Knowledge management is the conscious process of defining, structuring, retaining and sharing the knowledge and experience of employees within an organization. Its main goal is to improve an organization’s efficiency and save knowledge within the company. Typically, knowledge management consists of manual cycles of creating, sharing, structuring and auditing knowledge, in order to maximize the effectiveness of an organization’s collective knowledge.
Knowledge management is thus a strategic goal for organizations. A successful implementation of knowledge management mechanisms requires a lot of managerial attention as well as dedicated functions to lead it.
In this piece, I would argue that – at least in a manufacturing setting – Big Data and Artificial Intelligence represent a meaningful opportunity to streamline, automate to a large extent and turn more scalable the process of knowledge management and specifically that of Knowledge Retention.
Manufacturing operations pose unique challenges in this regard, as typically the lion share of the production work is relatively simple, and hence there is less need for knowledge retention. However, the exceptional complex manufacturing tasks require unique expertise that is the domain of just a few experts in the organization, whose knowledge is based on experience and heuristics. Therefore, their knowledge and expertise can’t be retained or transferred easily. These complex tasks that are performed by those experts are key contributors to the competitive advantage of a company. This challenge is best illustrated in the following chart:
The Manufacturing Knowledge Retention Challenge
On top of the business importance, it is important to note that the lack of sufficient knowledge retention mechanisms become an HR issue for companies due to multiple aspects that are related to the most highly skilled, expert employees: attrition, retirement, compensation and mobility.
We at PrintSyst are working closely with our customers on creating scalable, automated and efficient 3D printing operations, leveraging the power of Artificial Intelligence. Artificial Intelligence (AI) algorithms basically utilize large datasets – hence the importance of Big Data existence in the organization – and are able to derive instant and actionable insights based on past behavior patterns.
When you think about AI, your top of mind association is probably related to automation and efficiency. These were also our expectations. However, this is not the entire story;
We were surprised to discover over time, that AI’s ability to connect so many dots in a structured manner, combined with its ability to improve over time (machine learning), has enabled our customers to structure and turn scalable a lot of the hands-on rare expertise that is required for more complex 3D printing tasks.
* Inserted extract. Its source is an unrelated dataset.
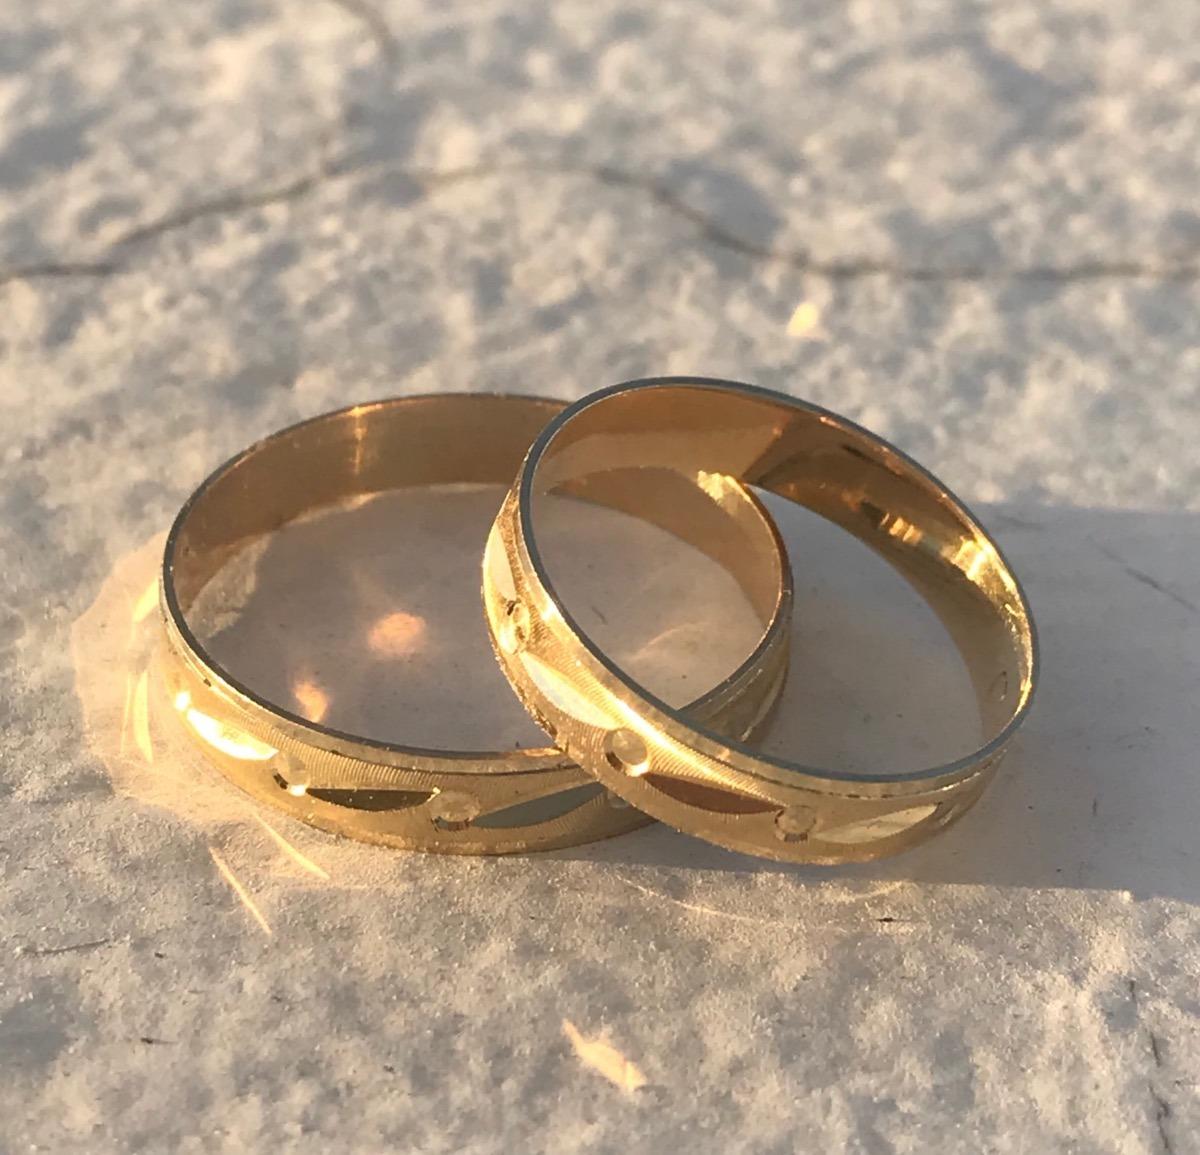 bbec5e41f9ce3 anillos par argollas matrimonio boda oro 10 kilates. Cargando zoom.

Following implementations of the AI engine at our customers’ sites, two positive outcomes occurred in chronological order: First, a highly automated knowledge retention mechanism had been created. Second, the valuable few experts at our customers’ sites were able to allocate their time more efficiently, as they now deal mostly with relatively exceptional edge cases. In these situations, AI’s predictions are borderline and require further human discretion. These exceptional cases are clearly flagged by the AI engine.
In one of my favorite cases, this actually enabled the well-deserved promotion of a highly skilled expert to a managerial position, as he was able to become less occupied with hands on management of his relatively junior staff at the 3D printing production line.
To summarize, I strongly recommend that while you assess AI’s potential to support your company’s growth, you should take into account also AI’s ability to step-change your company’s knowledge management capabilities in connection with the most valuable, highly skilled employees. A recent success story of a 3D printing operations in the Aerospace industry might be a good reference to take into account as you consider your next steps in addressing this strategic issue.